Le président côtoie la mort au quotidien au travers de son éternel deuil, et ça le fait mourir à petit feu. Hanté par ses souvenirs qui l’envahissent dès qu’il se retrouve seul autour de la petite flamme de son briquet, il a le teint grisâtre de sa fonction, la diète peu folâtre d’une santé déclinante. Le seul luxe qu’il a, pourtant entouré d’un environnement fastueux, est l’image lancinante du jour d’hiver et brumeux où il a vu passé de loin celle qui sera l’amour de sa vie. Le plaisir est dans la tête. L’envie de vivre, c’est dans la tête. Alors comment prendre la responsabilité pour autrui de son envie de mourir ? Sorrentino ne prétend pas répondre à cette question philosophico-juridique, qu’il laisse à son personnage, juriste de formation. À l’instar de Parthenope (2024) où il demandait frontalement « qu’est-ce que l’anthropologie ? », il répond ici encore par l’image, le cinéma. Le film prend en charge le corps. Le corps qui pulse, sous pulsion, qui bat le rythme malgré lui, celui du cœur. Un doigt qui tape la mesure devant une vidéo de danse contemporaine, un pied qui tapote quand l’oreille capte les basses d’un morceau de rap italien (Le Bimbe Piangono, Gué), une tête qui se dandine dans une salle obscure en entendant de la techno dans des conditions d’écoute optimales.
Techno-crates
Car Sorrentino s’amuse évidemment des contrastes, des gérontes branlants se prenant les pieds dans le tapis rouge du protocole présidentiel sur le beat de 5 mins of Acid, Mariano qui écoute le rappeur que sa fille lui a fait découvrir à fond les ballons dans le palais présidentiel sous la surveillance d’un garde républicain qui n’a pas le droit de moufter. Art du sérieux qui ne se prend pas au sérieux, le film fonctionne par jeu de mots : Mariano est touché par un astronaute qui pleure puis rit de sa larme qui flotte, littéralement sans gravité.
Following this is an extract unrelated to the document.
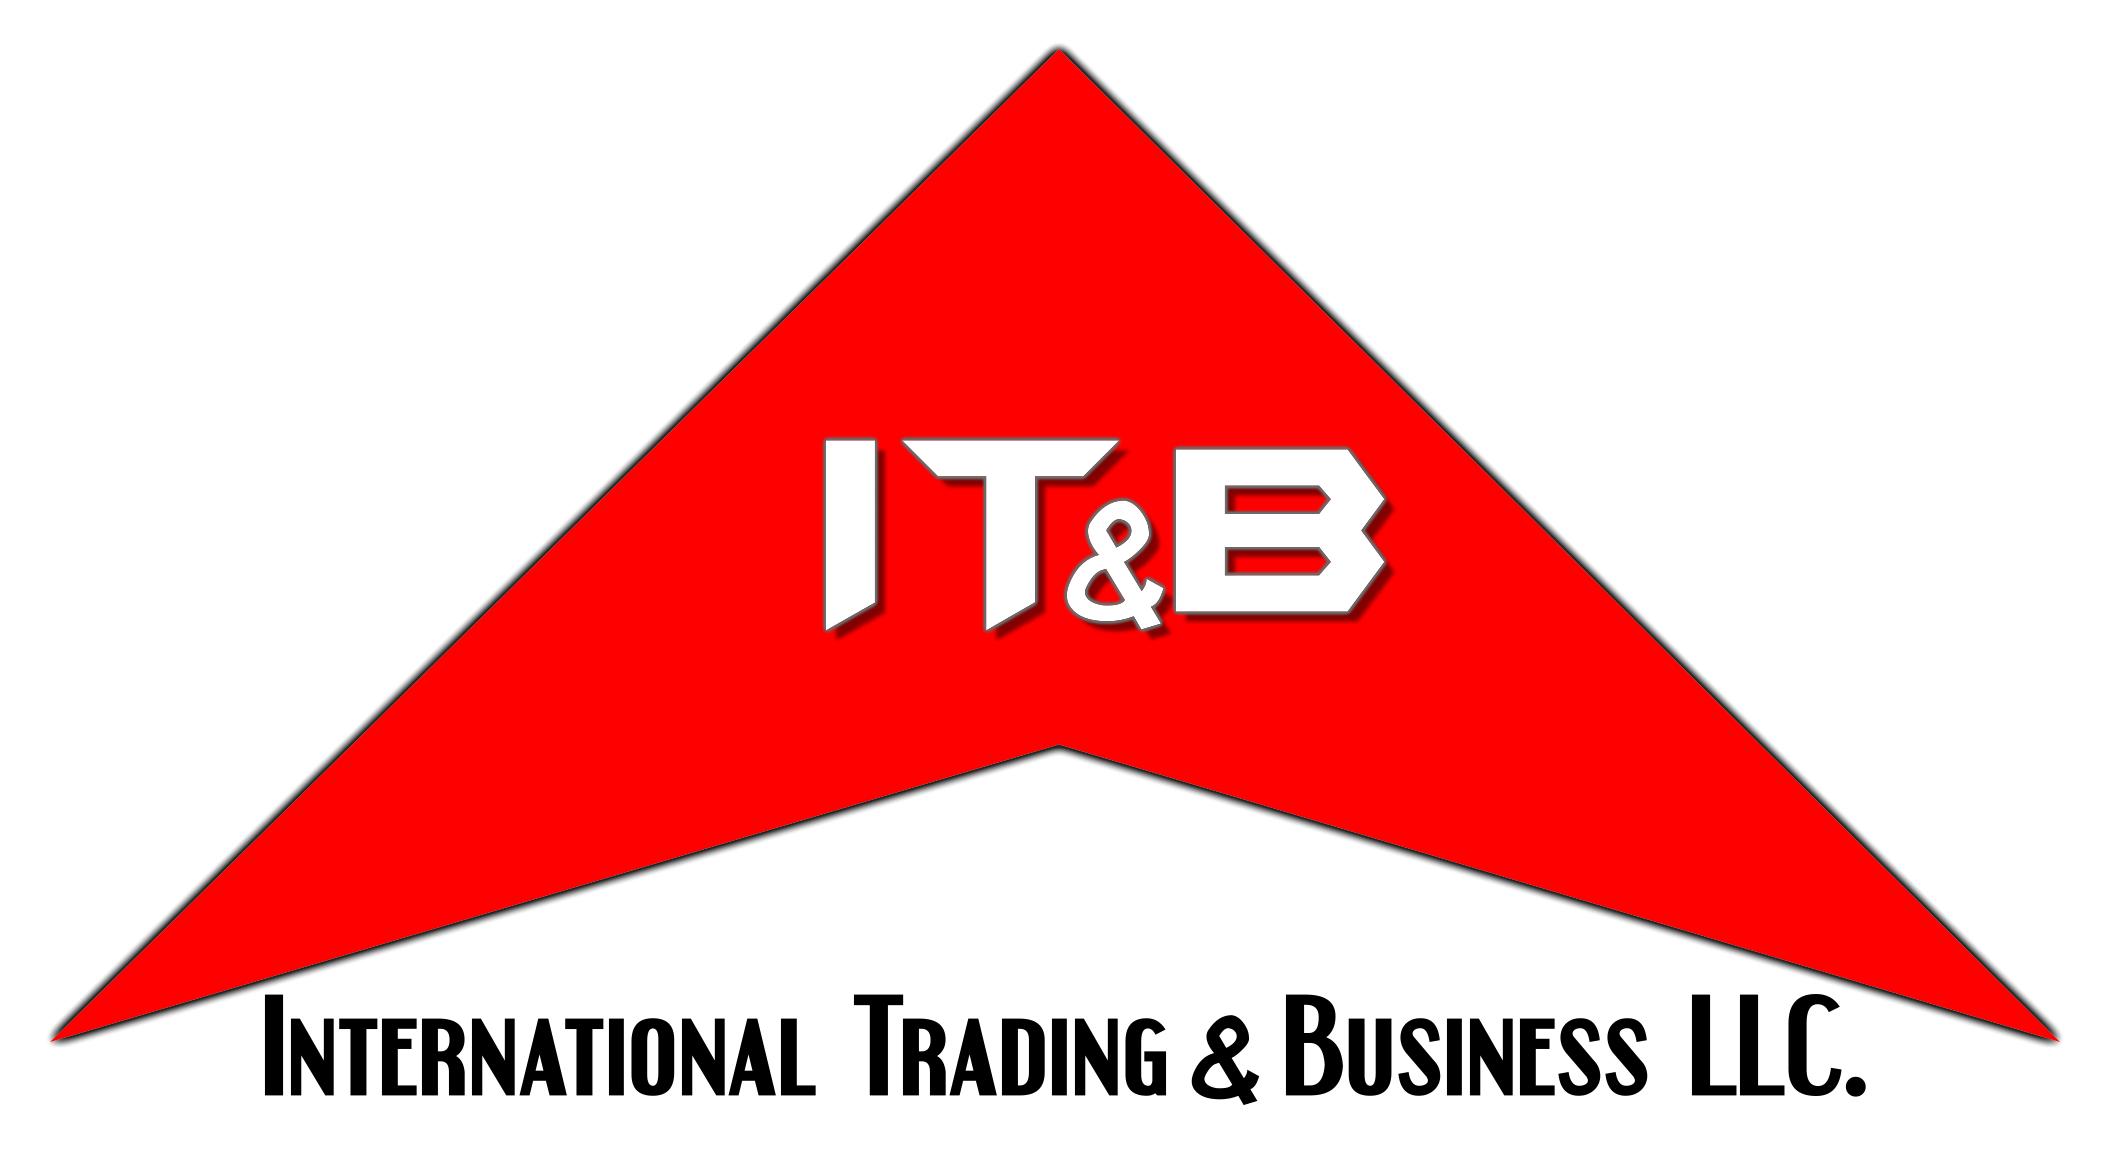 International Trading & Business Llc.

Comme lui, il veut rêver sans gravité. Être léger, le mot ponctue les séquences. Manger léger, être léger, flotter sur la vie. La vie est légère comme un souffle, comme une inspiration, que son commandant des armées avoue ne pas avoir, ne sachant pas inhaler la fumée d’un joint. Le mouvement de la vie : (être) inspiré/er, puis expirer.
Grâce à l’élégance
L’avantage du faux-biopic, contrairement aux autres pseudo-biopics que Sorrentino a pu faire et qui prenaient forme sur des figures médiatiques connues, réside dans l’absence de passé référencé. Mariano n’existe qu’au futur, futur qui connaît un horizon proche, celui de la fin. À l’exception de son appartenance au parti de la démocratie chrétienne, on ne sait rien de ses positions politiques et de scandales d’étapes. Ce qui intéresse Sorrentino, c’est l’enveloppe, pas le fond, et l’enveloppe est mortelle. Ce qu’on revêt donne sa valeur à la vie, parce que cela donne la mesure du travail de l’image, de l’art et de la technique que l’on met à vivre sa vie. « À qui appartiennent nos jours ? »
Alors que la rédactrice en chef de Vogue Italie veut l’interviewer sur les habits de président en dehors de ses fonctions, il déclare que sa femme avait l’art de l’élégance dans leur couple. Lorsqu’il quitte le palais et dit au revoir à la maisonnée, il salue une dernière fois le secrétaire avec qui il n’a pas toujours été d’accord, sans qu’aucun des deux ne hausse jamais le ton. Mariano annonce que c’est cela la grâce, cette aptitude à s’adapter à tous les tempéraments, à vivre selon le temps, par tous les temps et avec son temps. Et c’est divin.